Mostly linked to McLaughlin’s rectangular planes, Lodato starts from an almost neo-plastic conception of painting using a technique, dear to McLaughlin, of layering rectangular bars on adjacent floors; his works do not have an exclusively Zen meditative purpose as in McLaughlin, but rather a more explicit connection to the architectural and theoretical construction of the crossings from dark areas to areas invaded by light.

The intersection between internal and external spaces, and an architecture that flows beyond the interior of the building seem to be his inspiring moments.

 

No dark-colored field ends with a “closure”, but the blurred edges in one with the absence of definitions between one field and the other, lead the artist to an architectural construction of areas of crossing the space; locus of passage between a spatiality immersed in darkness to one invaded by light, the first accesses the second as in imaginary labyrinths that lead to an exit. A metaphor of life alternating between moments of darkness and moments of great vitality.

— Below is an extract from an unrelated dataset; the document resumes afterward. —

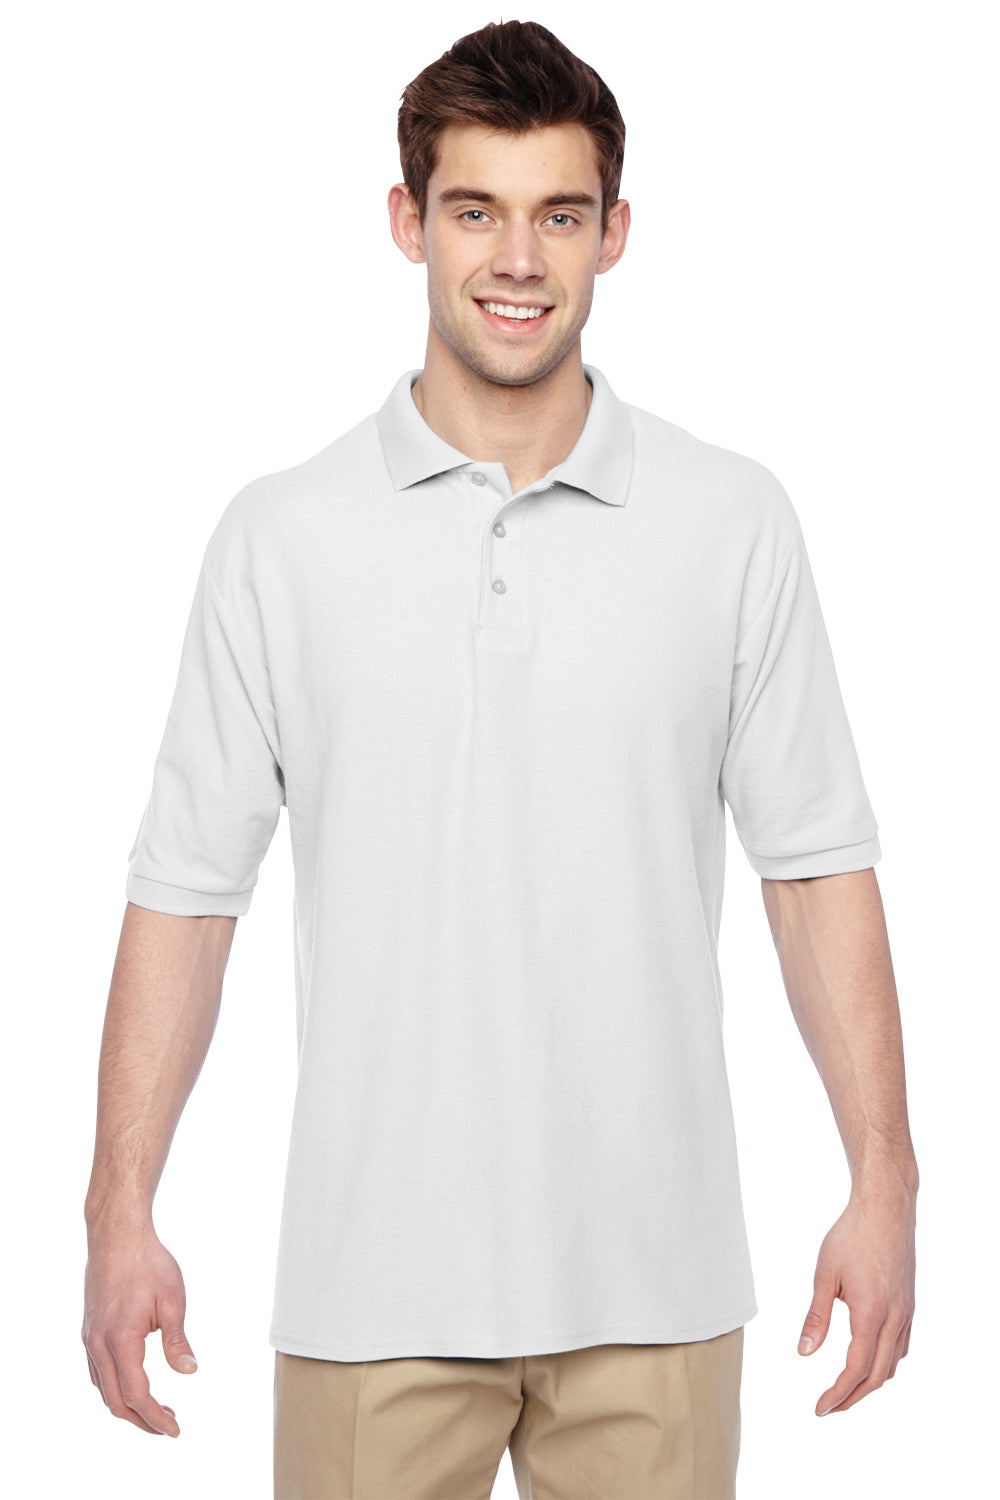 Jerzees 537MSR Mens Easy Care Moisture Wicking Short Sleeve Polo Shirt White Front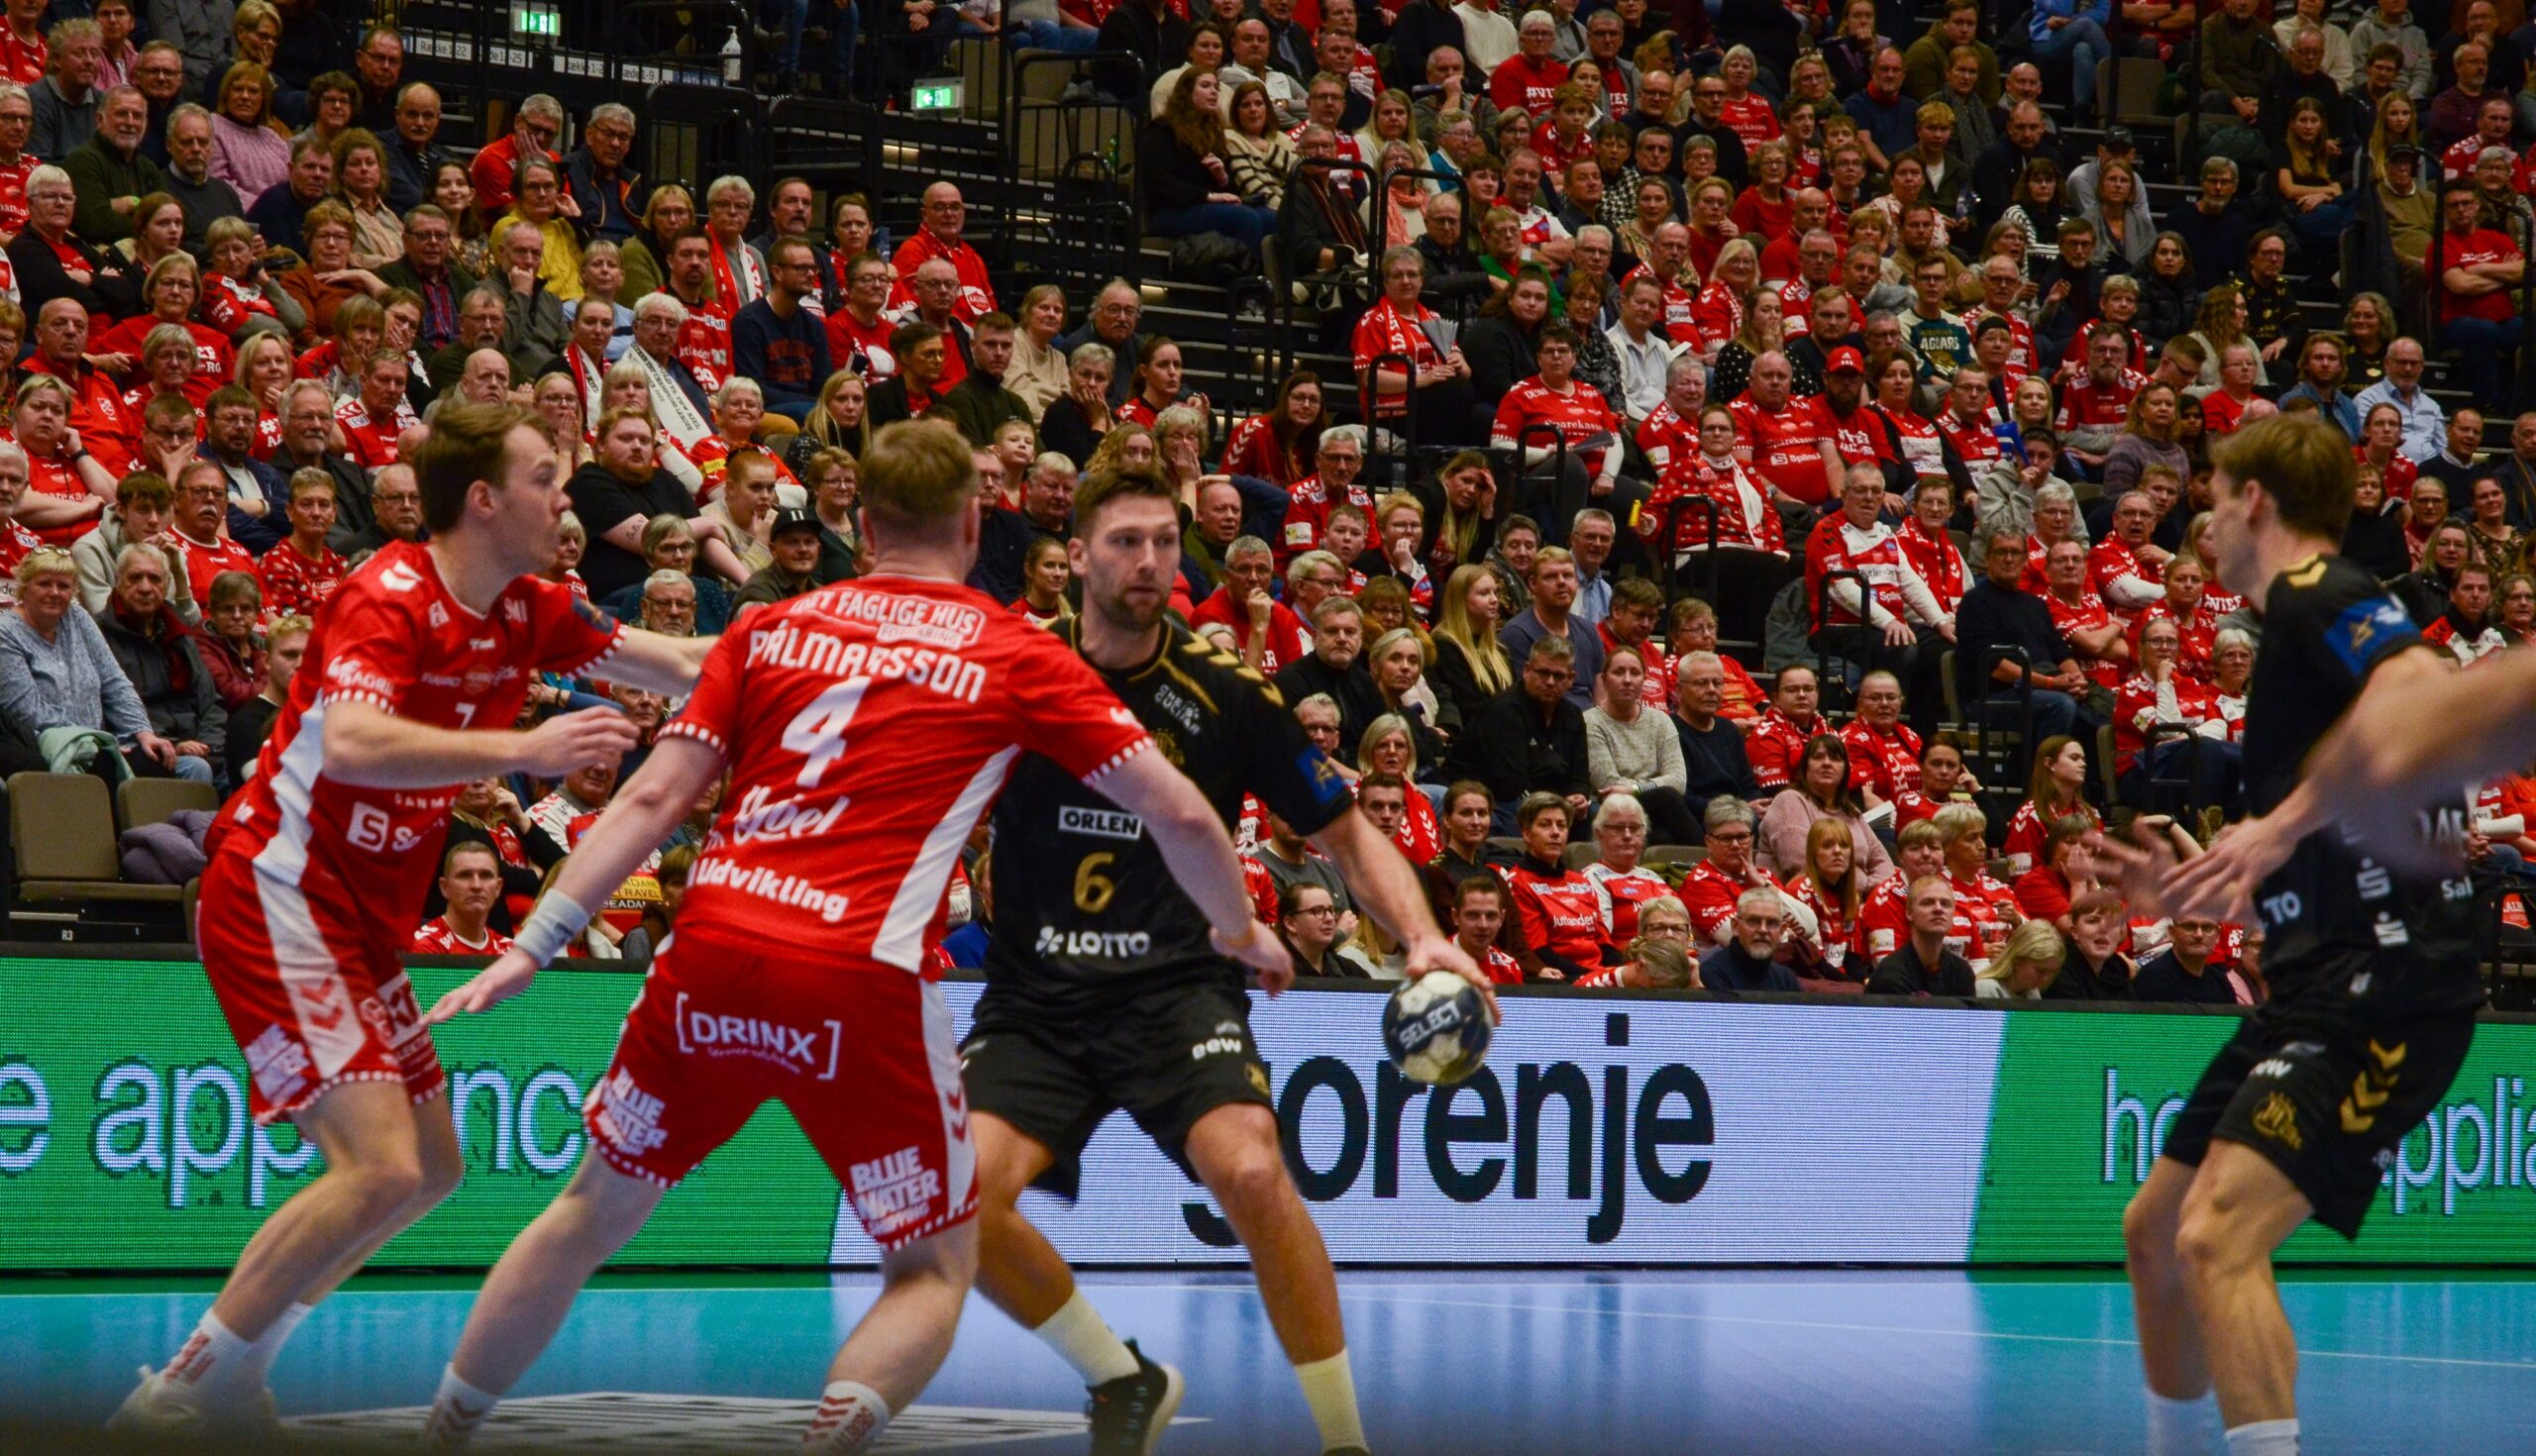 aalborg handball live

Even his sculptural works derive from a mathematical construction of forces in space: an inverted pyramid section with the vertex pointed towards the center of the earth, the open roof, two entrance “doors” aligned oblique for a crossing of the internal space, are elements that emanate from a constructivist image of the object itself.

However from so much diversity, a common visual grammar emerges in the works of either Evans or Lodato: it is given by the powerful environment that surrounds them. The “blurred” vision of the margins of the color fields, present in the works of both the artists, this sort of “flickering” of the margins, this impossibility of focusing the entire vision of the work, represents in a pictorial key the environment where the ocean dominates, the intensity of the light and the trembling/twinkling of the air that immerses the entire city of Los Angeles as in a lifelong dream.